KM: You know, I think many people have that experience—a kind of a war of different parts of themselves. My first thought is that any experience to which you bring awareness is improved by that awareness. And that’s going to be true even for this inner battle, and it’s going to be true for the process of giving in. I’m actually a big fan of giving in just with a little bit more awareness than you had yesterday. I think it’s often a slow process of awareness, but if you’re strengthening your motivation and your commitment, it becomes very difficult, eventually, to continue to behave in really self-destructive behaviors.

And sometimes the habits that we set out to change actually are not as related to our happiness as we think they are. Sometimes it may be that it’s not a big problem that we’re checking our email. That may not actually be the source of suffering in our lives. And that’s another way that I like to think of this as being kind of an experimentation process, that we’re being scientists with ourselves, because I think when we’re really in touch with our values and our motivations, and we are practicing awareness, it becomes almost impossible not to change. But if the change matters.

TS: OK. Let’s take another example, and really help me understand the neuroscience, which I still think I feel a little shaky on, and in this case it would be related to something that I think so many people find a challenge, which is losing weight and relating to food in a healthy way.

KM: Yes. It’s basically the same problem as with technology. Almost all of the challenges we face where we feel out of control, it’s because the brain likes to team up these two states of desperately wanting happiness and stress and urgency and feeling unsafe or threatened. And it’s kind of crazy to think about this, but a lot of the foods that are marketed to us are specifically designed to put our brains in that state where they’re going to create a desire through some combination of smell, often a combination of salt and fat and sugar, that is going to make our brains go crazy with desire—not necessarily pleasure.

Because in the brain, wanting and liking are two very distinct experiences. And a lot of the foods that are marketed to us create the experience of wanting more than actual satisfaction and pleasure. So we’ve got these smells, we’ve got these tastes that are making us want—there’s a kind of promise—and at the same time, these same foods can trigger a stress response. And if we don’t give into the desire, the brain will actually amp up the stress response and release more stress hormones so that you are even more likely to want to seek out some kind of release, which we often will find in the same food that has triggered the whole process.

TS: I’m not following you exactly. Maybe if you could give me an example of a type of food and how the food would be creating a stress response. I’m not getting that exactly.

KM: Sure. So let’s take something like a typical fast-food meal that is high in fat, high in sugar, and high in salt. If you were to stare down whatever is your particular temptation of fast food, whether it’s donuts, or pizza, or French fries, the very—the smell, the molecules going in through the nose and then being registered by the brain—it triggers the promise of reward in the brain, the reward system that says, “You’re not happy yet, but if you do this you will be happy.”
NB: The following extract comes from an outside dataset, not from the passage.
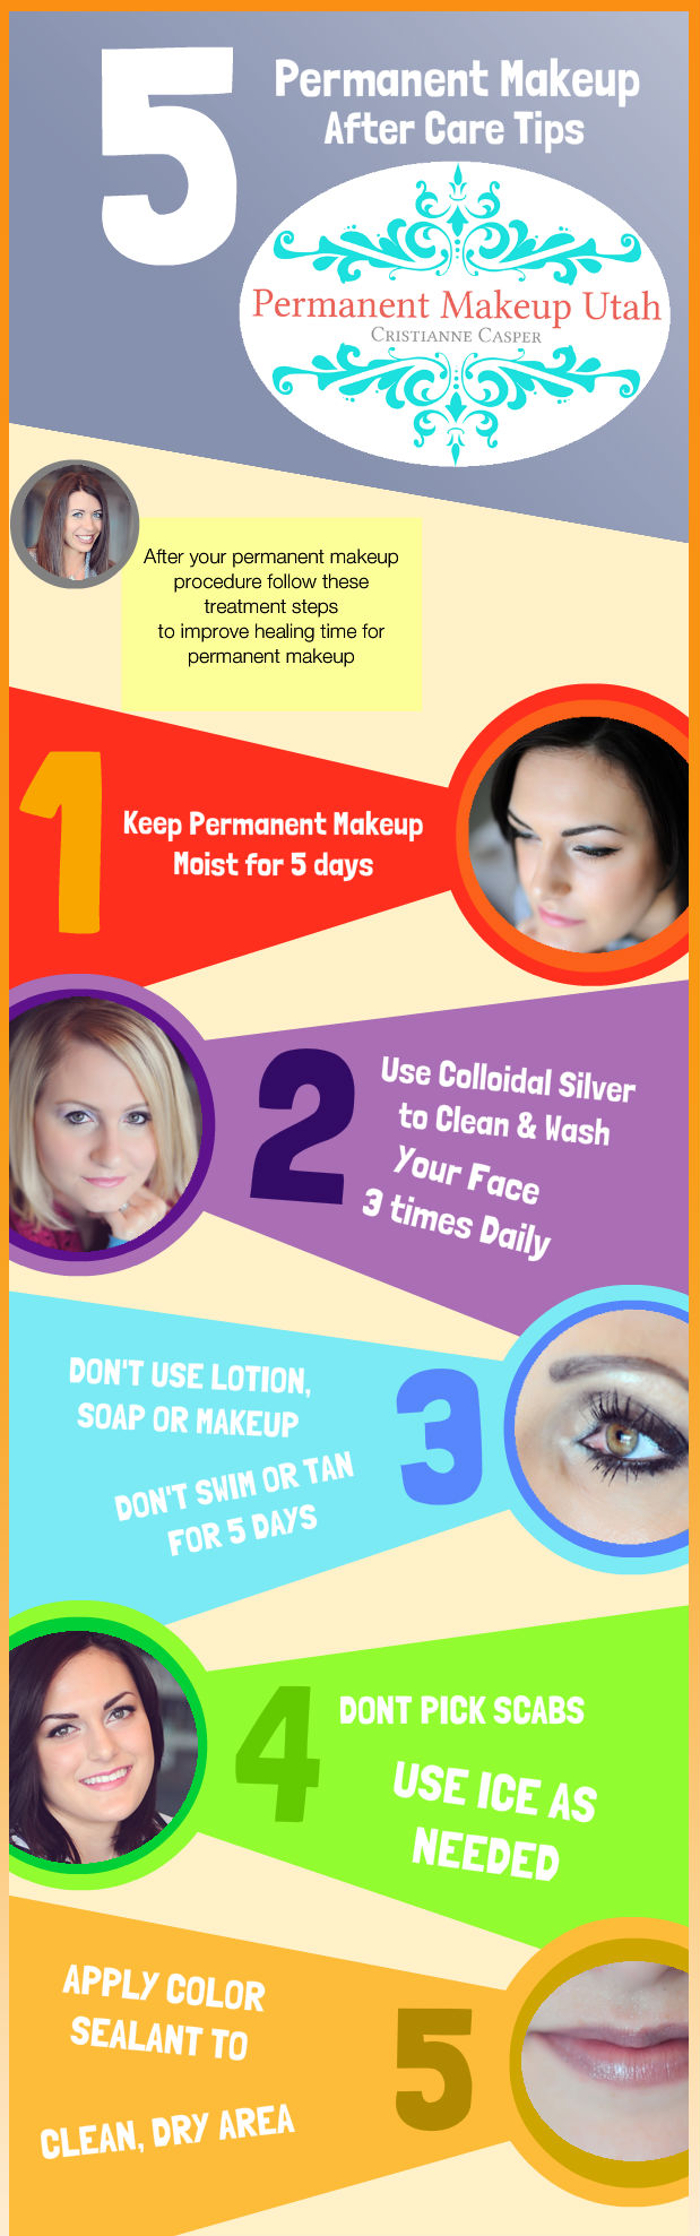 5 Permanent Makeup After Care Tips

And it triggers an entire cascade of events in the brain—chemical events in the brain—that are going to motivate you toward consumption. So you’ve got a desire, and then it’s pushing you towards consumption. And if you do not consume and continue consuming, the very presence of that food will also start to mount a stress response. It’s part of what the reward system does, this release of stress hormones, because it’s a survival mechanism.

If you were back in the wilderness, and you saw a berry on a tree, and it was really high, and you were going to have to climb that tree, if your desire were weak, you would not survive. You need to be motivated to take action. So that berry is going to make you want to eat it, but it’s also going to increase this sense of threat until you do eat it. So much of the food in our environment, particularly the high-fat, the high-sugar, and the high-salt foods, are absolutely locking into that survival mechanism.

TS: So the stress that I’m feeling, for example, when I smell French fries is the stress that I might not get to eat the French fries? I’m very worried or concerned about it?

KM: Right! Even though when people actually pay attention to the experience of eating French fries, they often don’t even like them—but the brain has this persistent lie that it’s creating based on the activation of these brain systems that makes you continue to believe that you like French fries, and they will make you happy if only you can eat enough of them.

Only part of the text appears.